- Born: August 21, 1982 Dryden, Ontario, Canada
- Died: July 4, 2017 (aged 34) Thunder Bay, Ontario, Canada
- Cause of death: Infection, resulting from trauma

= Barbara Kentner =

Anishinaabe women from Thunder Bay (1982 to 2017)

Barbara Kentner (August 21, 1982 – July 4, 2017) was an Indigenous woman from Wabigoon Lake First Nation who died in 2017, six months after being struck by a trailer hitch thrown at her by Brayden Bushby from a moving vehicle in Thunder Bay, Ontario, Canada.

Bushby was found guilty of manslaughter and sentenced to eight years in jail. He was granted full parole in August, 2026, a decision greeted with anger among Wabigoon and First Nations' leadership across Ontario.

== Family life ==
Kentner was born on August 21, 1982, in Dryden, Ontario, the eldest of four sisters to truck driver father Roy Boucher and mother Mildred (née Maude) Kentner.

Kentner had lived with liver disease in a palliative care facility. She grew up in Thunder Bay and had four half-siblings. Kentner was Anishinaabe and from Wabigoon Lake First Nation. Two sisters were quoted in Canadian media at the time of her death, describing the impact of the murder. Kentner has a daughter, Serena Jane Kentner, who was 16 years old in January 2017. Her daughter has acute myeloid leukaemia and had a bone marrow transplant in 2020. Kentner's father died of a heart attack in 2002 and her mother died of cancer in 2004.

== Events of 29 January 2017 ==
At approximately 1am on 29 January 2017, 18-year-old Brayden Bushby was in the passenger seat of a vehicle driving on McKenzie Street in the south side area of Thunder Bay. Three other friends were in the vehicle, and Bushby was intoxicated with alcohol, after spending the day drinking straight whisky. Bushby is white.

Kentner, and her three-years-younger sister Melissa, were walking down McKenzie Street towards a relative's home when Bushby threw a metal trailer hitch, which struck Kentner in the abdomen. Bushby exclaimed "got one" after the hitch struck Kentner. Kentner was 34-years-old at the time of the attack. The incident ruptured her small intestine.

== Death ==
Kentner died on July 4, 2017, at St. Joseph's Hospice in Thunder Bay as she received surgery to tackle an infection from the injury. Kentner's lawyers stated that the infection was caused by the blunt force trauma of the attack.

== Post-death events ==
Bushby was initially charged with second-degree murder, but that charge was later downgraded. Bushby admitted to throwing the hitch and pled guilty to aggravated assault, before being found guilty of manslaughter. In February 2021, he was sentenced to eight years in jail.

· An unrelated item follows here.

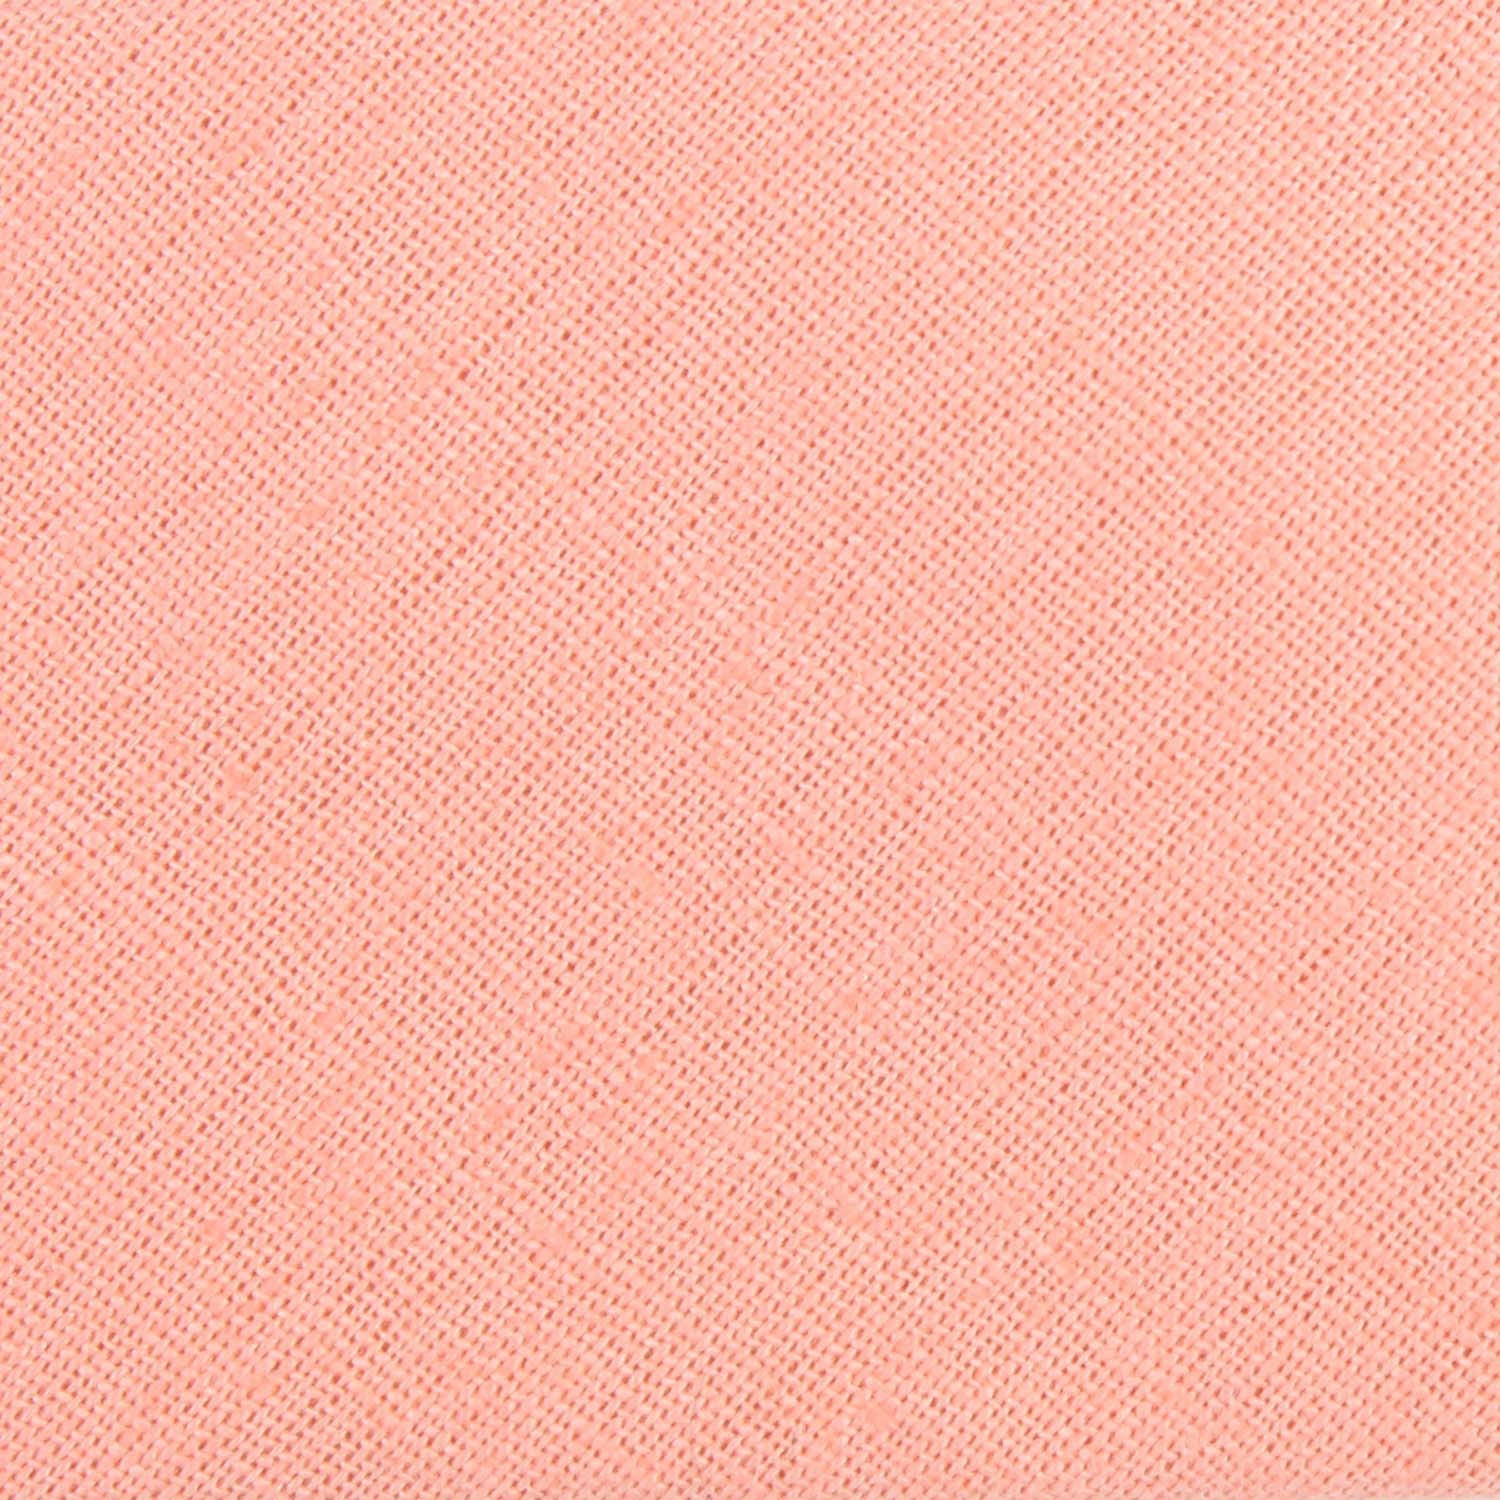 Apricot Peach Slub Linen Fabric Necktie L167

The attack on Kentner is discussed in the Thunder Bay podcast from Canadaland along with wider concerns about corruption within Thunder Bay and violence against Indigenous women and girls. Bushby's parole in August 2026 was widely criticized. In a statement the Chiefs of Ontario criticized the parole board process, the lack of recent representation from Kentner's family, and the short sentence for the crime of murder:

What weighs on [us] most is learning that Barbara’s family may not have even been told this hearing was taking place. They were represented by impact statements made years ago, while Brayden Bushby was able to speak to who he is today. Barbara’s family deserved that same opportunity. They deserved to be in the room. They deserved to be heard.

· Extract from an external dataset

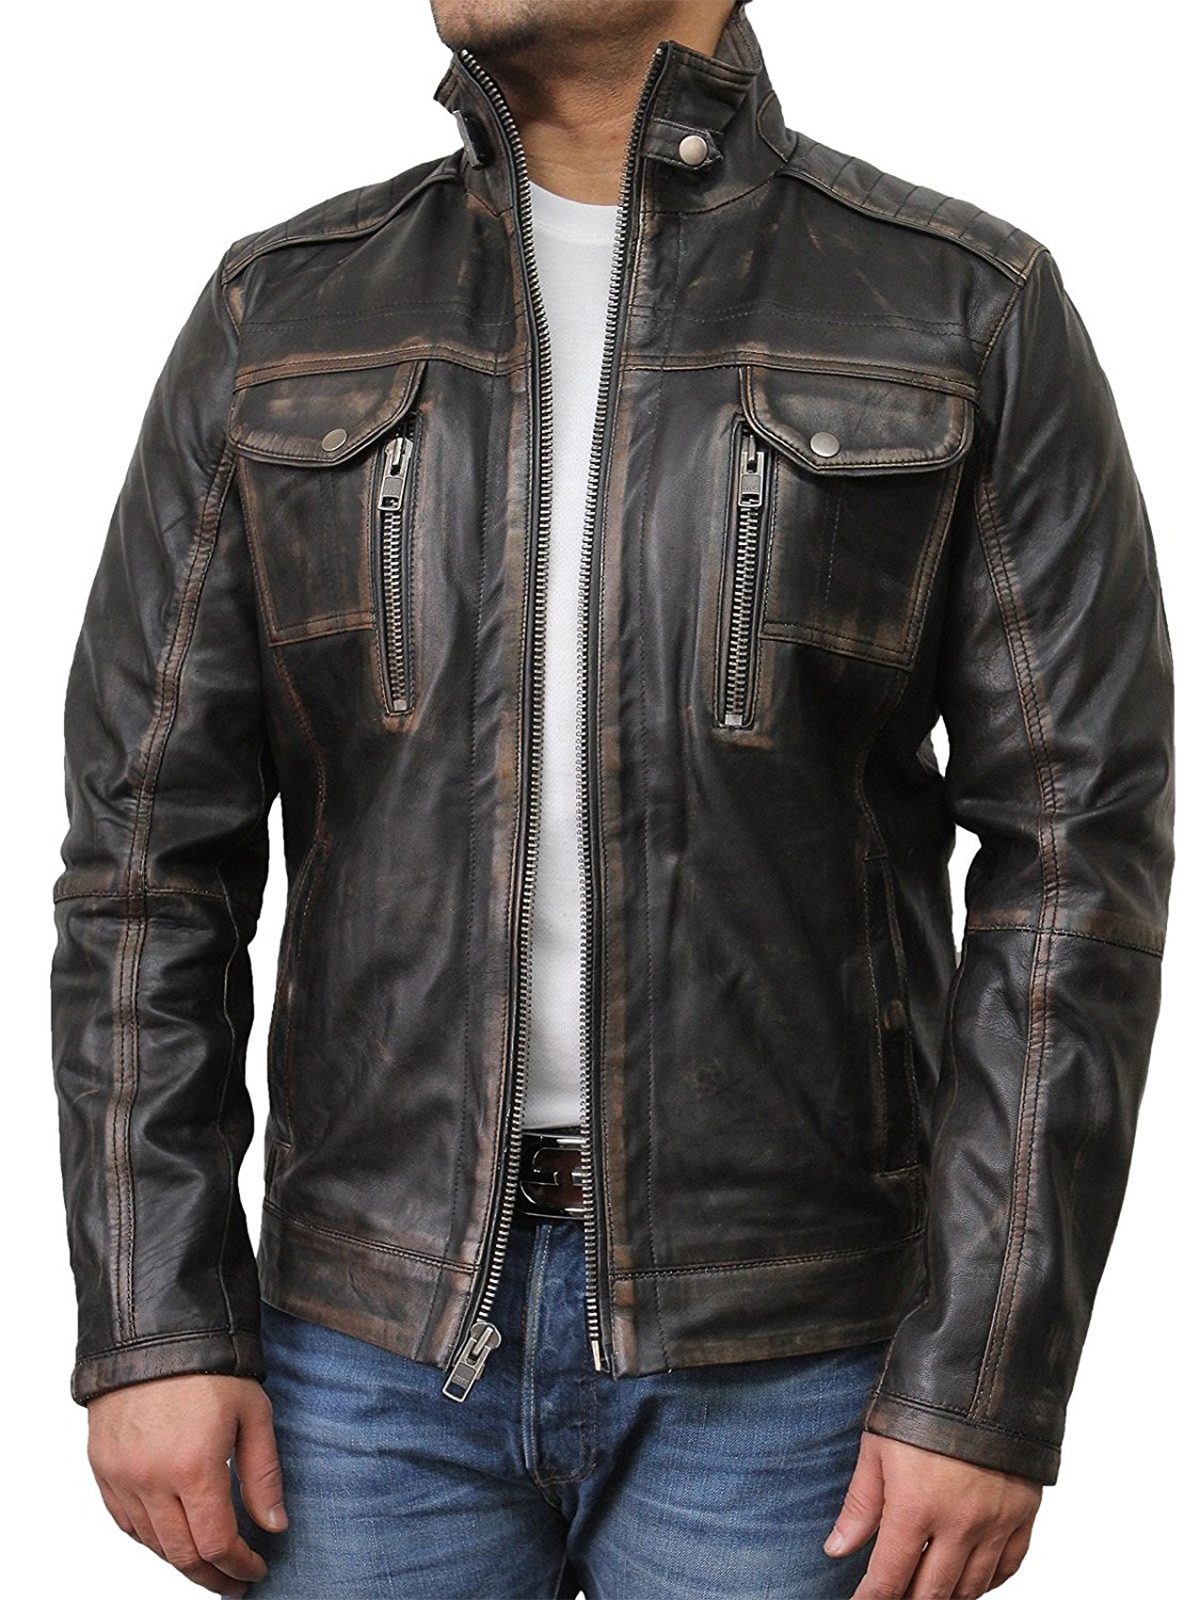 Байкерская кожаная мужская. 2020 Vintage Black Biker's Style Genuine Leather Jacket men. Кожаная куртка мужская Brando. Байкерская куртка est 35 Redwood Aviation Team real Leather. Spesh куртка кожаная мужская.

A protest march took place in Ottawa on August 31, 2026. The CBC reports that Bushby was paroled despite failing to report a vehicle collision to his case management team, obtaining a Confederate flag tattoo, and cutting a swastika into the lawn of a federal institution. Protest over Busby's parole follows a string of similar criticism levelled at the Canadian federal government and the parole board, particularly the case of Robert Picton who was eligible for day parole despite murdering and raping twenty-six women, many of them Indigenous.